- notes from the bay
- Posts
- July 28, 2025
July 28, 2025
If this whole Hollywood thing doesn’t work out for the next generation of cinematographers, there seems to be plenty of work in San Francisco. It feels like every day there’s a new viral video drop for a startup’s fundraising or some aesthetic day in the life of a founder. I know exactly how my B-Roll would look: getting up, making coffee, and walking to my office (next to my bedroom), then eventually getting dinner. Just add some sepia and call it done.
A few random things in case you missed them:
Apparently Astronomer does Apache software in addition to concert indiscretions? Their marketing org had a genius response to the scandal. Maybe no bad ideas in a brainstorm sometimes works out…
Tony couldn’t let the expansion of his North Beach rival Joe go unanswered. Mr. Tony himself just opened up a new place in SFO. All things equal I’d take a new spot in the Marina over Gate 4 but I’ll take the carbs where I can get em.
Am I the only one that thinks Claude Plays Pokemon is less impressive than convincing a random collection of internet users to win the game? Judging by how we typically interact online one is a small miracle. The other is just RL.
Now on to the nerdy stuff.
How the KV Cache works [link]

Now comes some information retrieval inspiration. When we're searching for data in a search engine, we have some query text that we input and it delivers some results.

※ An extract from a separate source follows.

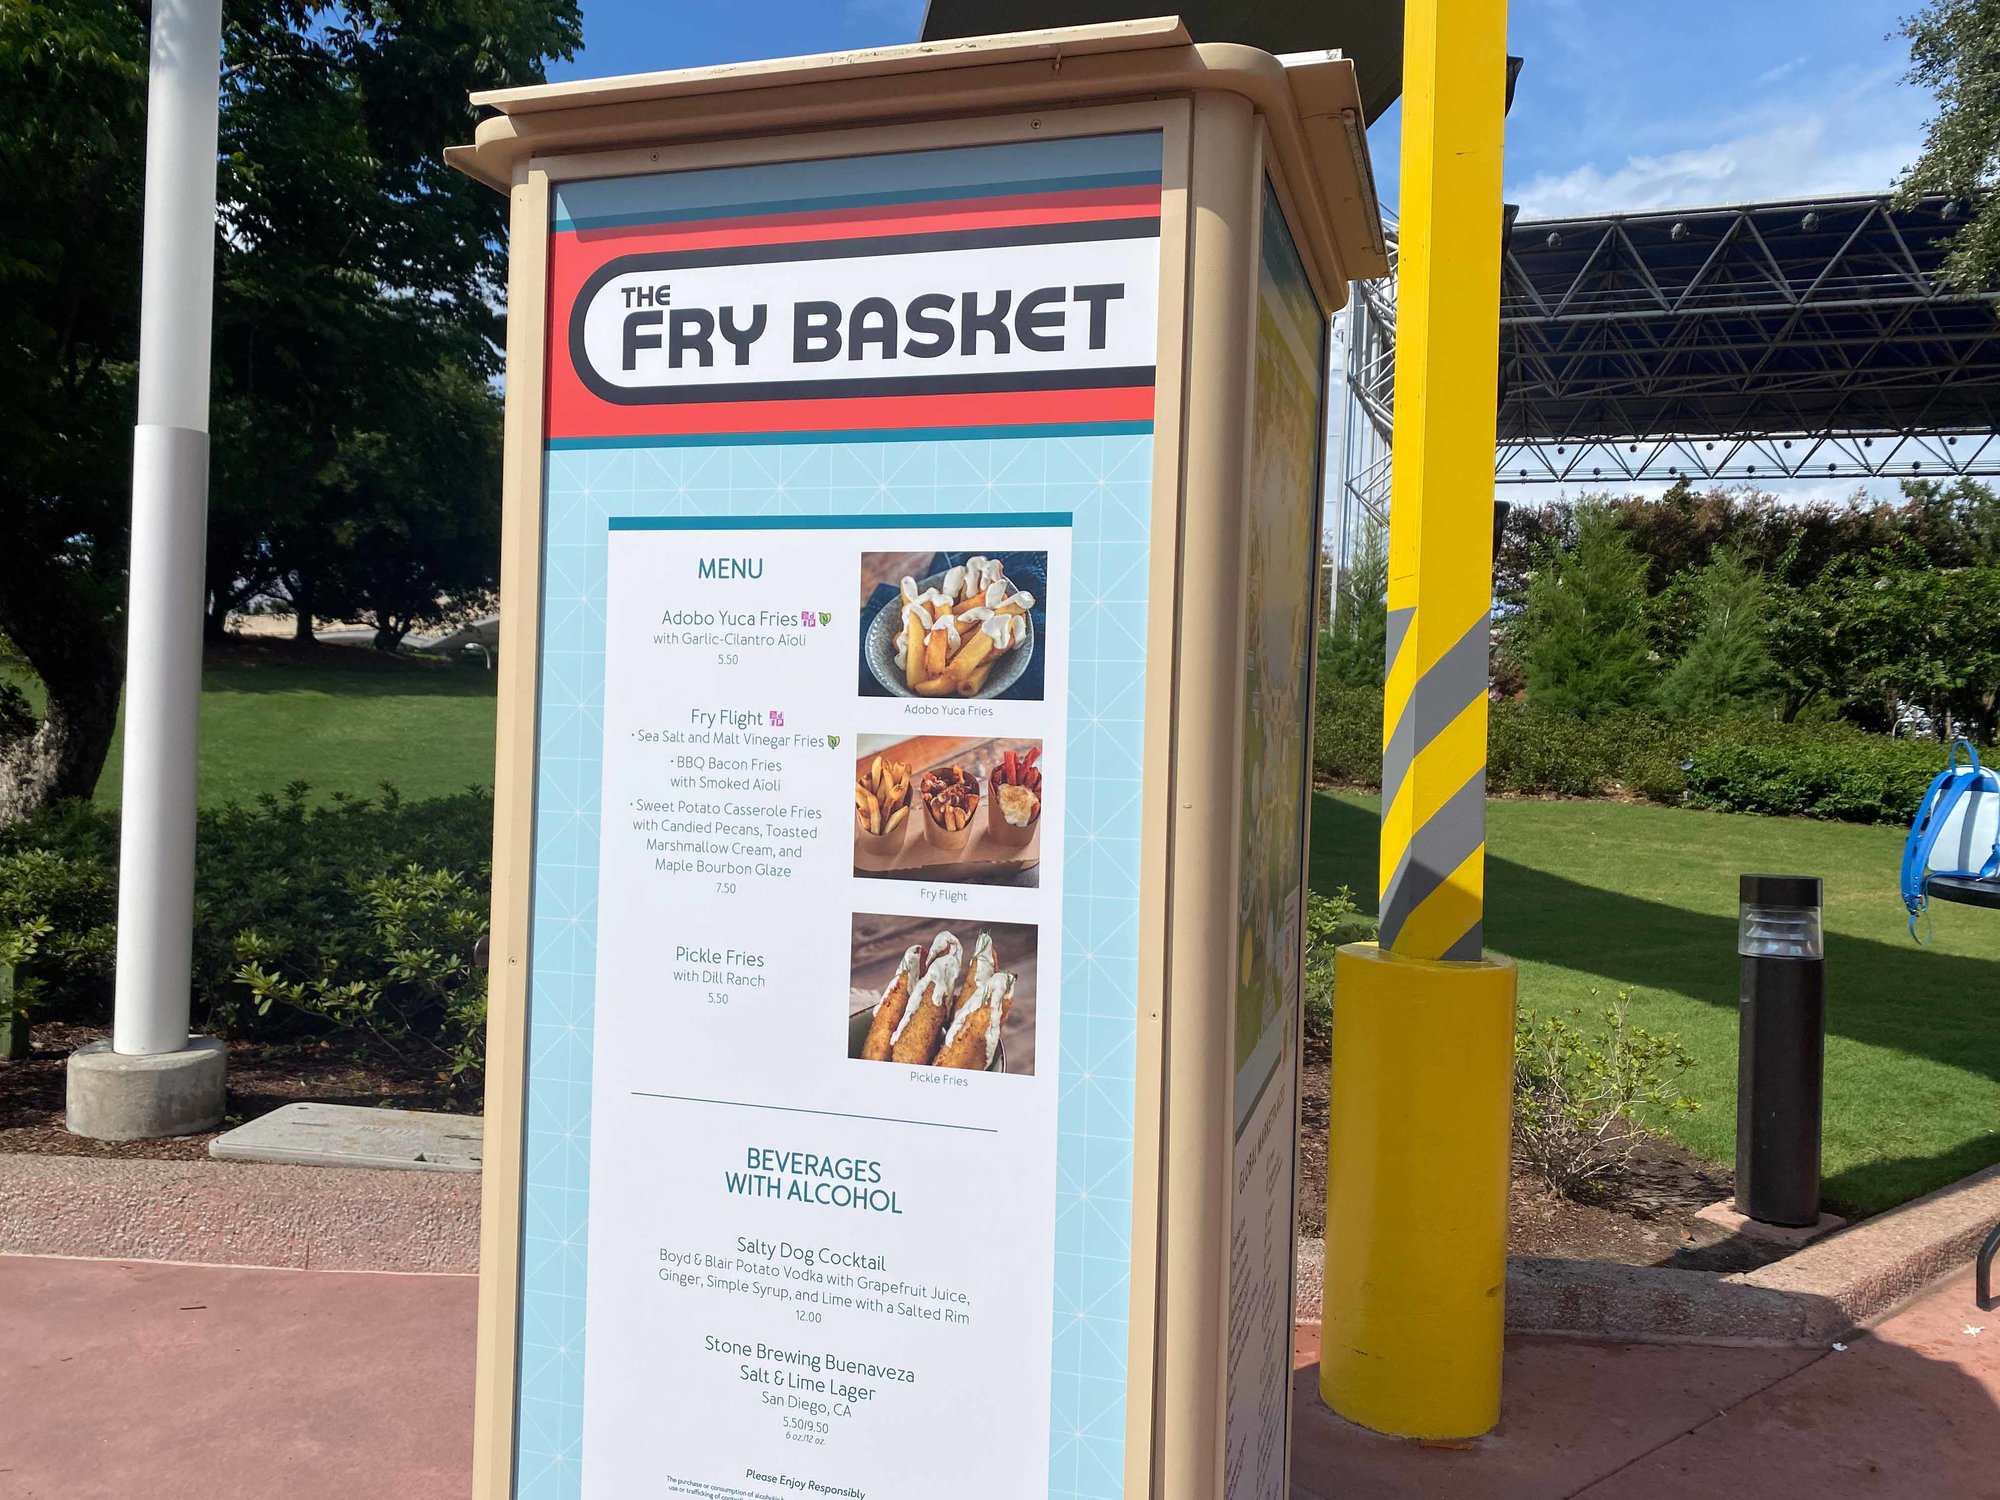 fry basket menu with black rounded text and red and blue background

Internally most smart search engines don't just search for exact text, they're chunking your text into phrases, getting rid of suffixes, weighting by their rareness in the corpora, etc.
We can apply this same construct in attention, but instead of actually searching by words or implementing lemma chunking, we can just let all of these concepts be vectors. For each token going through this attention layer you'll have a QKV tuple of values.
We have some rough intuition that ChatGPT needs to wait for a bit (sometimes even 10s+) before generating your first token of output. After all, if you sent your prompt to a friend they would need a second to read it too. But obviously transformers aren’t actually reading in the conventional sense. We can blame the attention heads for this: there’s huge computation required to parse your input before we can even get to the output. Without inference methods like the KV Cache, you’d be waiting those 10s for every single token that you get as output. And we think latency right now is bad.
It’s not usually described with parallels to caching & information theory. So I tried to write something that explains a bit more of my intuition about it. I always find it neat when basic computer science constructs make their way into vectorized models.
Building a (kind of) invisible mac app [link]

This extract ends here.